VR Spotlight: Mosh Pit Simulator

Written by Rick Lane

March 4, 2019 | 12:30

Tags: #comedy #garrys-mod #goat-simulator #mosh-pit-simulator #sos-sosowski #virtual-reality #vr #vr-spotlight

Companies: #sos-sosowski

The fact that Mosh Pit Simulator has nothing to do with either mosh pits or simulators is probably the least strange thing about the game. Indeed, if anything Mosh Pit Simulator is an anti-simulator, dedicated to thwarting any sense of realism or believability at every turn. It’s a game where you can pick up a fire engine and throw it like a stick, where boneless humans drive upside-down cars around a city direct from an FPS made in 1999.

It’s a deliberately terrible game, a sort-of virtual-reality hybrid between Goat Simulator and Garry’s Mod. If you’re a certain kind of person, I can imagine that combination being very appealing, and somewhere down the line Mosh Pit Simulator might become the game you’re currently imagining. In its current Early Access state, however, Mosh Pit Simulator feels empty and one-note, an open-world sandbox dedicated to telling the same joke over and over, like a broken Tim Vine robot.

Believe it or not, there is actually a premise to Mosh Pit Simulator’s cornucopia of nonsense. An alien virus has turned the world’s population into naked, rubbery skin-bags capable only of bobbing up and down and making “bloo bloo bloo” noises. The story mode is essentially a glorified tutorial that teaches you the basics on interacting with the world. You climb a building, punch a shark, and go into space. You know, the usual stuff.

You interact with Mosh Pit Simulator’s world in three ways: punching, grabbing, and combining things together. Every object in the game that isn’t a building can be picked up and thrown, regardless of how large or heavy it is. You can also combine any two objects together by holding one in each hand and slapping them together, so if you got two spinning gears you can create a simple mechanism, or you can build a launchable missile using a rocket and a big red button.

I will admit that Mosh Pit Simulator did make me laugh. The first time you grab a shipping crate or some other enormous object and punt it across the city is amusing, as is the first time you launch an object into the sky using rockets. The sheer ludicrousness of the game’s latex humans is also undeniably fun. One of the game’s running jokes is that, despite the slight handicap of lacking any skeletons whatsoever, the population carries on trying to do normal human things, like going shopping or walking the dog. It’s hard not to crack a smile when you see what basically amounts to a giant flesh condom, horribly contorted, trying to ride a bike across town.

Despite laughing at the initial joke, however, the novelty of Mosh Pit Simulator quickly wears off. Firstly, there’s precious little variety to the things you can create. It’s true that you can stick any two items together, but mainly what you end up with is a mess, while the lack of actual crafting components limits you to make crazy whirling machines and rocket-propelled everything.

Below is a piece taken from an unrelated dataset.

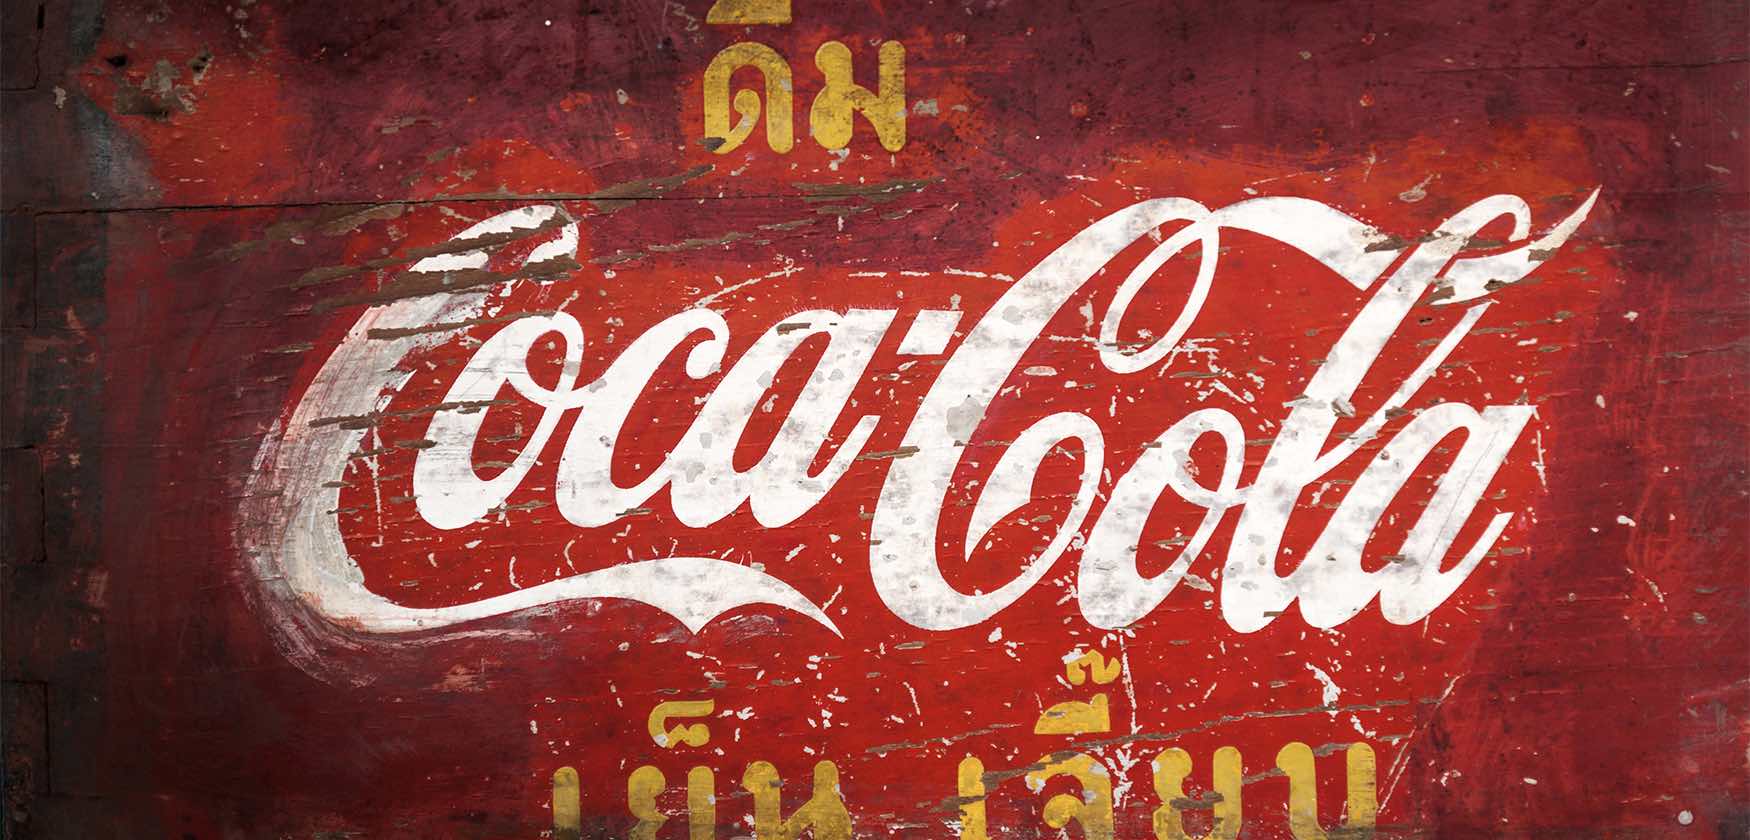 A close up of the coca cola logo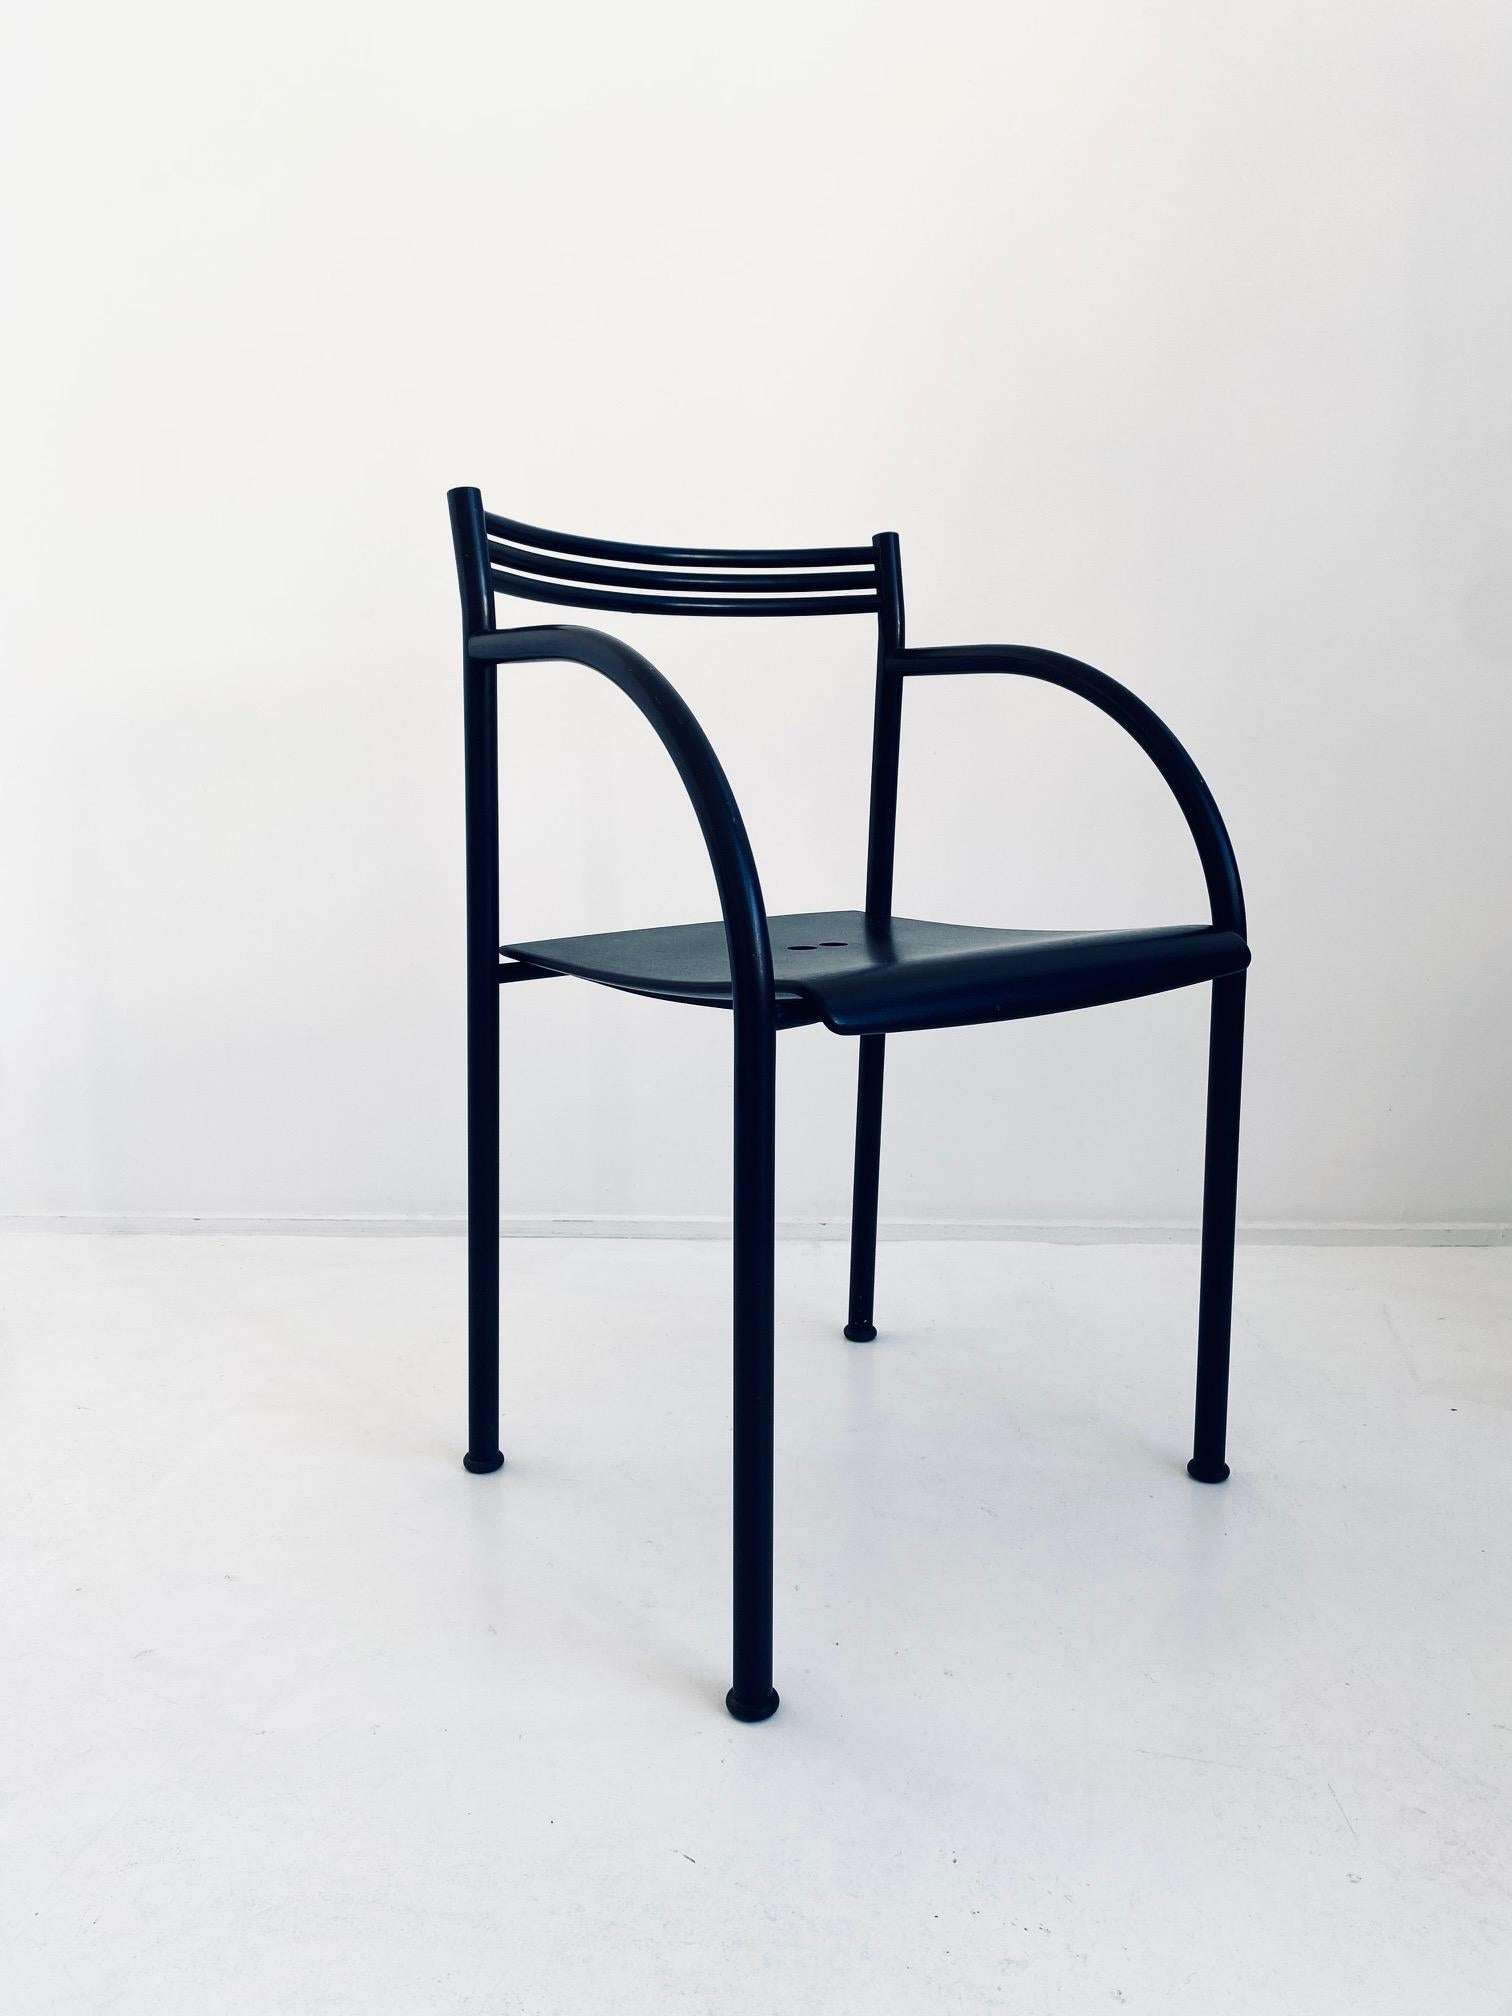 Structure en métal avec revêtement noir et assise en plastique.

Magnifique état d'origine, avec quelques très petits défauts dus à l'âge. Très petites taches avec perte de revêtement.

Ces chaises sont appelées

A more pressing issue is that there’s not an awful lot of payoff for doing these things. I don’t mind the lack of structure, but the absence of any weight or heft to the physics engine means that any contraption you make simply isn’t satisfying when you set it off. The beauty of physics-powered games is seeing the objects react together in ways that seem plausible, even if the context is totally absurd. That’s what made Half Life 2’s Gravity Gun so much fun. It wasn’t simply the fact that you could fire a toilet at a Combine soldier, it was that pelting your opponent with a giant chunk of ceramic felt exactly as you might imagine it.

In Mosh Pit Simulator, all the objects feel the same, whether it’s a fire hydrant or a fire engine. Items feel weightless and collisions hollow. Consequently, most of the game’s absurd slapstick humour literally falls flat. It’s fine for a comedy game to be daft and ridiculous and unbound from the rules that might apply to other games, but it at least needs to feel good, and currently Mosh Pit Simulator does not.

Mosh Pit Simulator also made me feel quite sick when playing it. Like most VR games, it gives you a choice between moving around with the analogue stick or teleporting around the world. But the teleport isn’t a true teleport, instead you just move forward very fast. Hence, your brain still thinks it’s moving when it’s not, with the end-result of Hello Nausea.

As always, we need to bear in mind that this is Early Access. The developer, Sos Sosowski, has another six months of development planned. Planned updates include destructible buildings, driving and, er, skateboarding modes (which makes me feel green just thinking about it), and most importantly, more crafting components.

I think the idea of a slapstick comedy crafting game could work really well. But even a deliberately bad game needs to feel good to play in order to be enjoyable. Meanwhile, there aren’t enough crafting components to create interesting contraptions, and the sandbox currently more resembles a desert. Joke games are all well and good, but as it stands Mosh Pit Simulator is one joke that runs dry far too quickly.